> _Given entries_:

__________

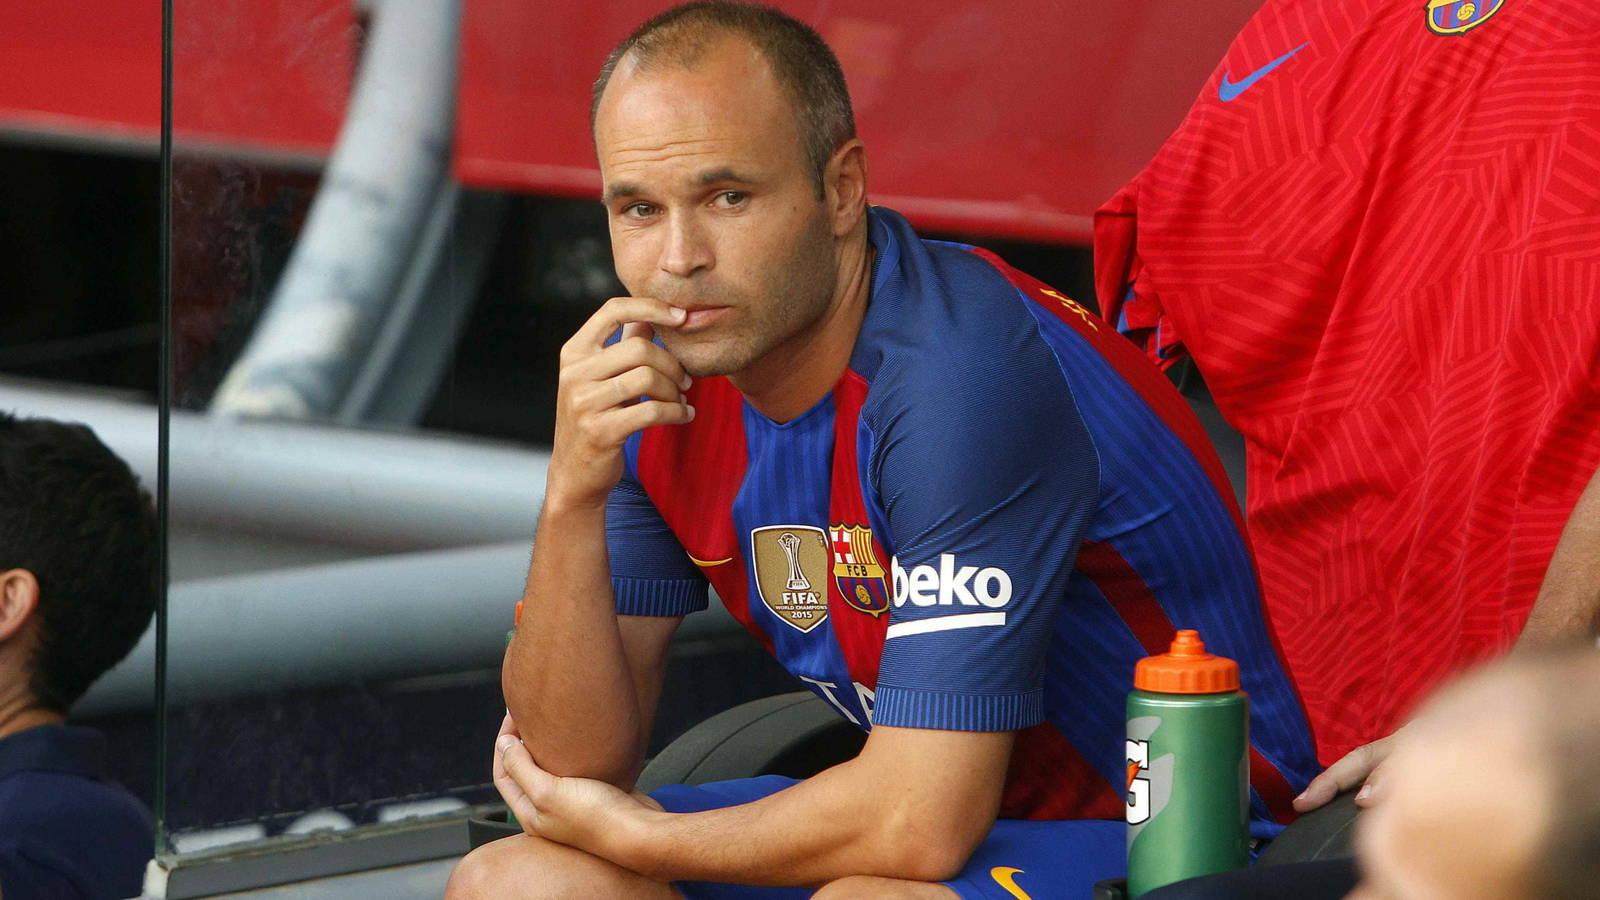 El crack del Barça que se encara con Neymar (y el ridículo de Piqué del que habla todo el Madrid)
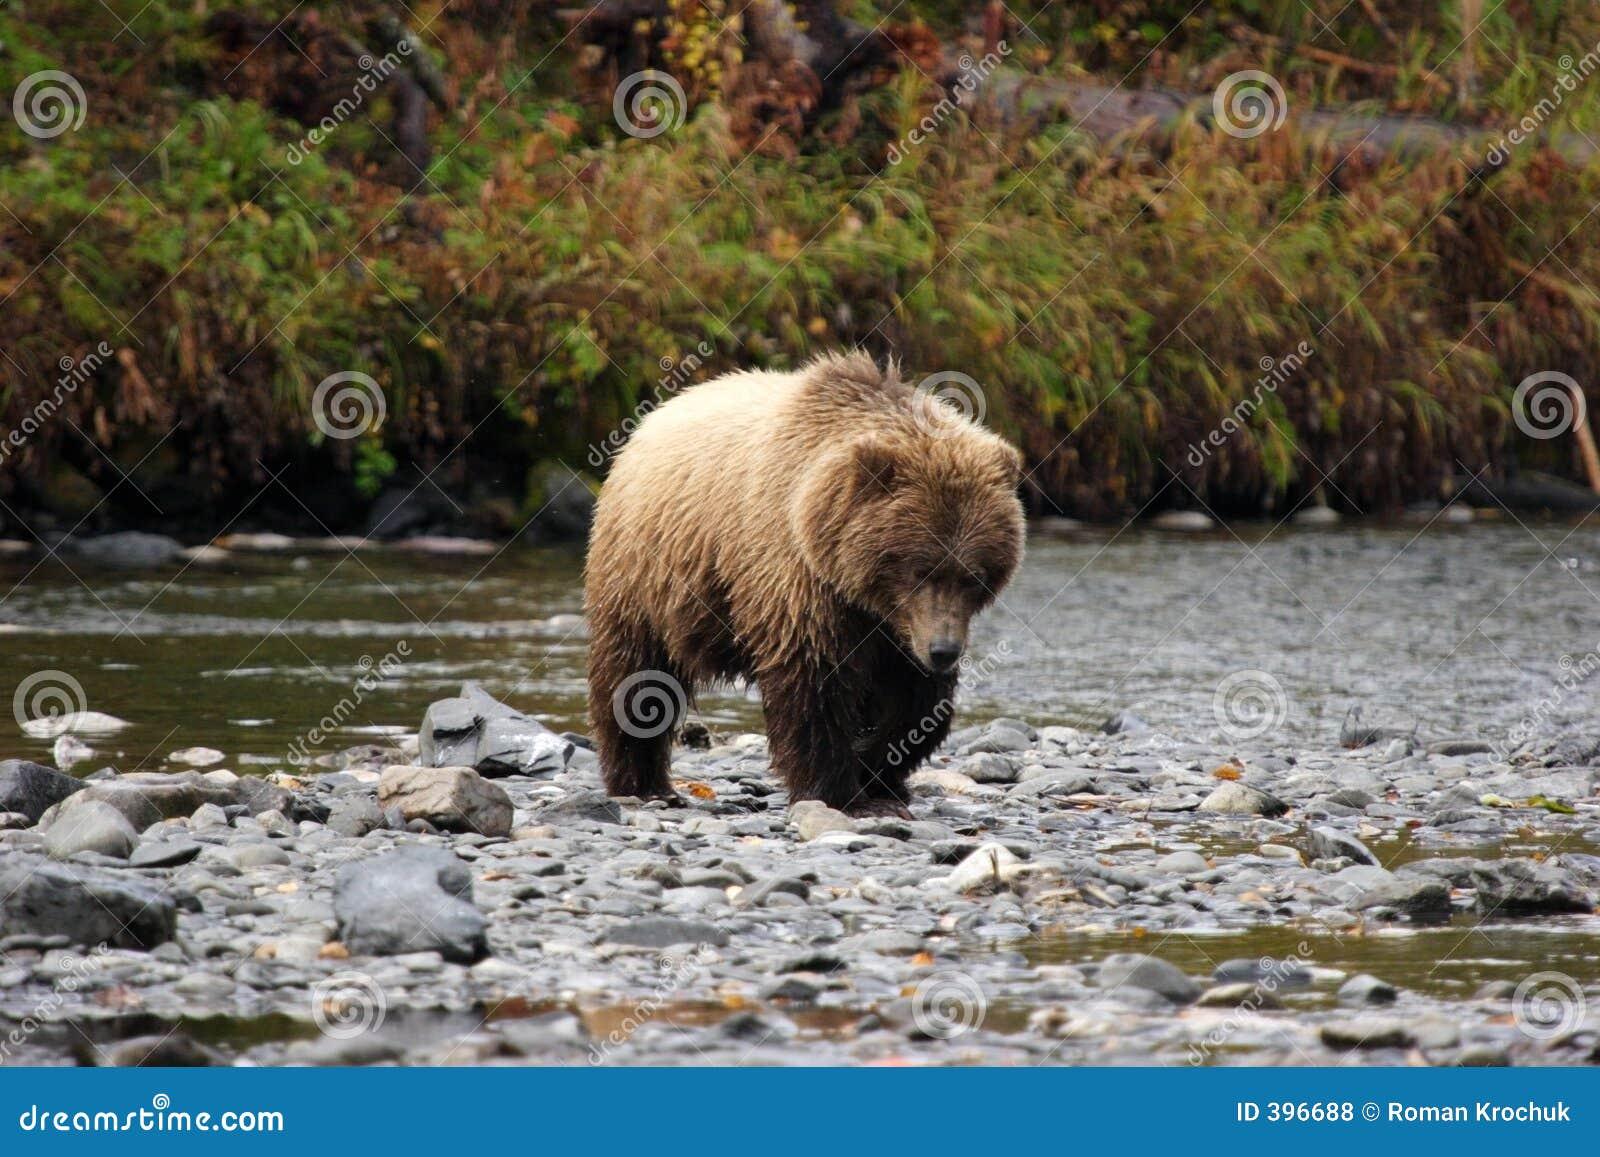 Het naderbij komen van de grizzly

__________

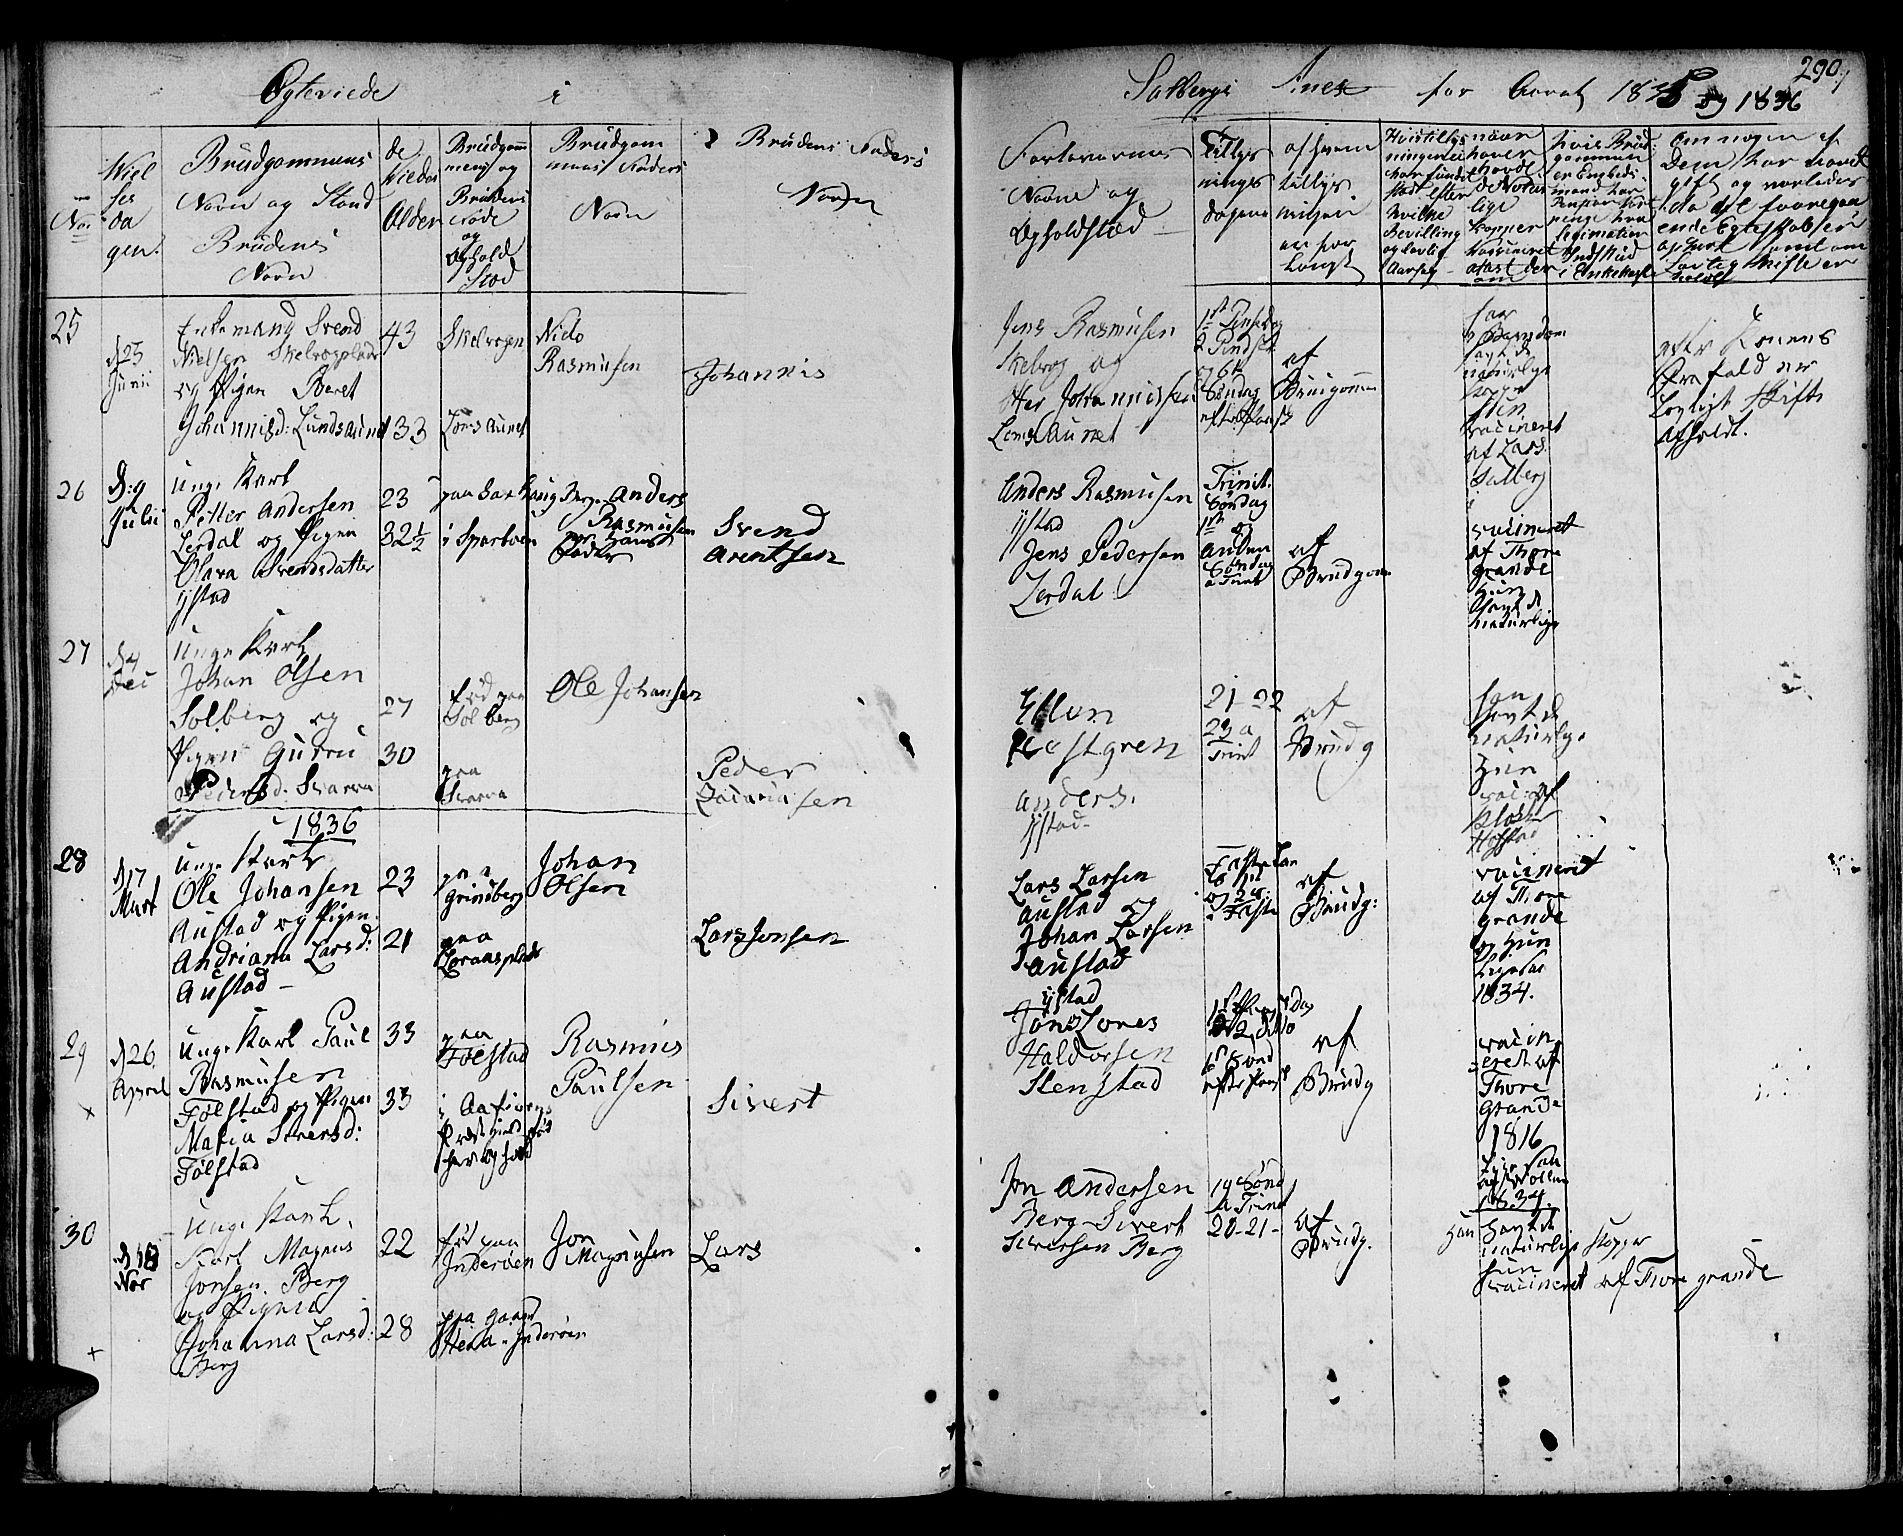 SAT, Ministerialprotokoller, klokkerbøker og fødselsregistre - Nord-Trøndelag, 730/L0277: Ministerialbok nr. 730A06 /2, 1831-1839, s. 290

__________

> _What you are asked to do_: Pictures do not belong in the answer. Return the lines above starting at the one with "El crack del" and ending at the one with "Het naderbij komen van de grizzly", both kept, exactly.

> _Task response_:
 El crack del Barça que se encara con Neymar (y el ridículo de Piqué del que habla todo el Madrid)
 Het naderbij komen van de grizzly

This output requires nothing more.